Clinical Significance

Myocardial protection is a crucial aspect of cardiac surgery involving CPB, pivotal in safeguarding the heart muscle during procedures such as valve replacements and coronary artery bypass grafting. The development of this procedure has significantly advanced heart surgery over the years, reflecting the evolution of both techniques and technology.[30][31] Although various myocardial protection strategies, such as hypothermia, cardioplegia, and regional perfusion, have become integral to surgical practice, none are without limitations.

Each approach has its own set of strengths and potential drawbacks, emphasizing the need for careful selection based on the specific clinical scenario. The history of myocardial protection is deeply intertwined with the history of heart surgery, as the evolution of protection techniques mirrors advancements in surgical capabilities. Thus, understanding the nuances of these techniques is essential for all cardiac surgeons. Surgeons must focus on executing surgical steps and prioritize myocardial protection during clamp time. Educating junior surgeons about the advantages and limitations of different myocardial protection methods is critical for improving surgical outcomes and advancing the field of cardiac surgery.

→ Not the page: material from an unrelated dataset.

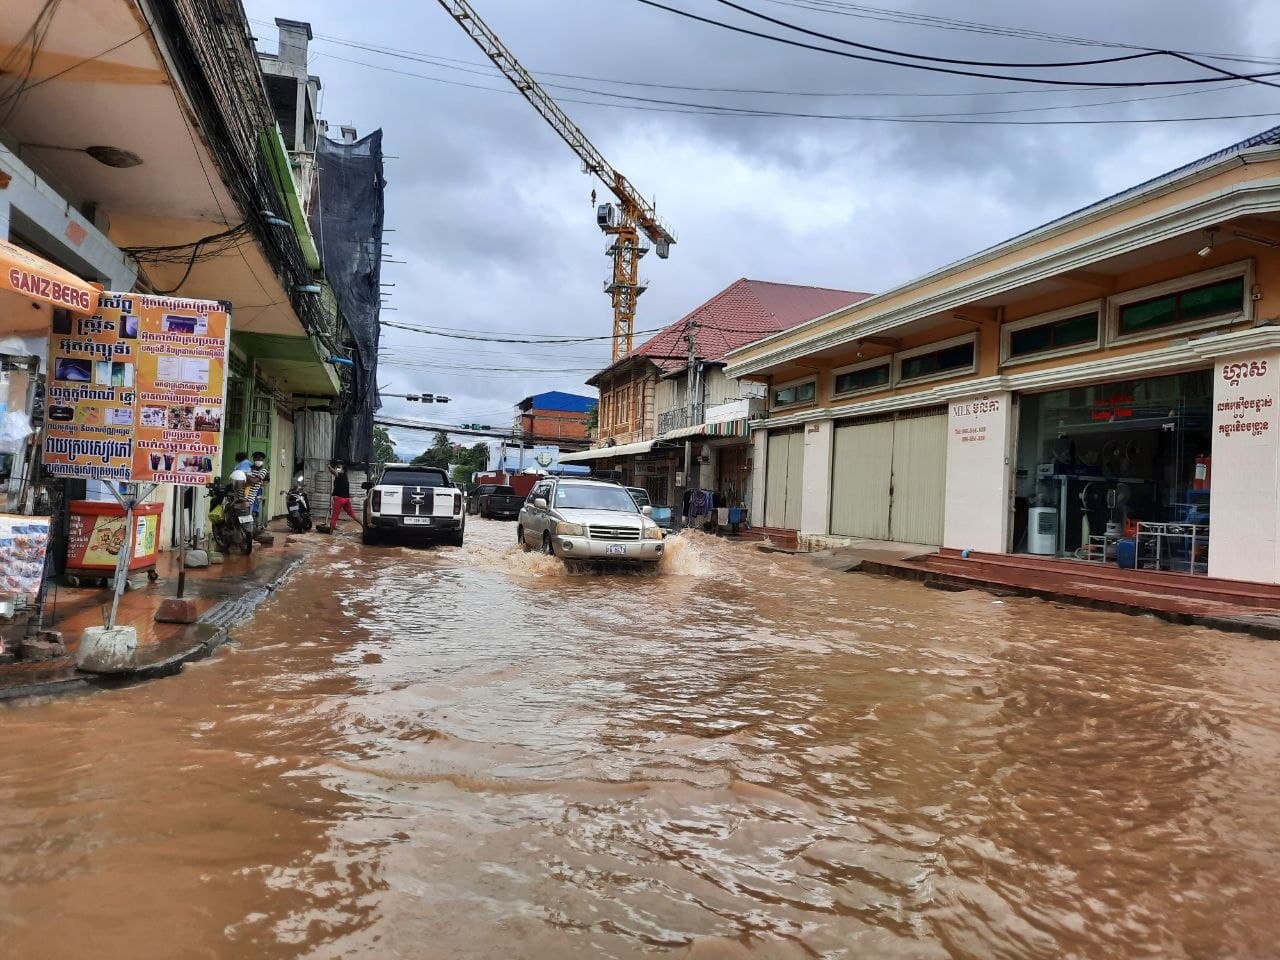 Heavy rain and floods from Thailand hit Battambang town. Photo taken on October 18, 2021. In Kongchet

Enhancing Healthcare Team Outcomes

Effective myocardial protection during cardiac surgery requires a multidisciplinary approach, where skills, strategy, interprofessional communication, and care coordination are critical to enhancing patient-centered care and outcomes. Physicians and advanced clinicians must be adept at selecting and implementing the appropriate myocardial protection techniques based on patient-specific factors, such as the type of surgery, comorbidities, and coronary stenosis. Nurses are vital in monitoring patients' physiological parameters, ensuring that cardioplegic solutions are administered correctly, and promptly identifying deviations that could compromise myocardial protection. Pharmacists contribute by preparing and verifying the correct formulation and dosage of cardioplegic agents, ensuring that all medications are compatible and safe for the patient.

Interprofessional communication is essential for coordinating care across the surgical team, ensuring that each member understands their role and responsibilities in the myocardial protection strategy. Regular team briefings, clear communication during surgery, and collaborative decision-making are crucial to avoiding errors and enhancing patient safety. By working together and sharing expertise, the team can optimize myocardial protection, reduce the risk of complications, and improve overall surgical outcomes. This coordinated approach enhances patient safety and boosts team performance, leading to better care delivery and favorable patient outcomes.

Nursing, Allied Health, and Interprofessional Team Monitoring

After surgery, the nursing staff should be vigilant for any unintended issues with protecting the heart during the procedure and any other unexpected events. These issues may become apparent hours after leaving the operating room, so the charge nurse must be especially attentive in addressing them.[32]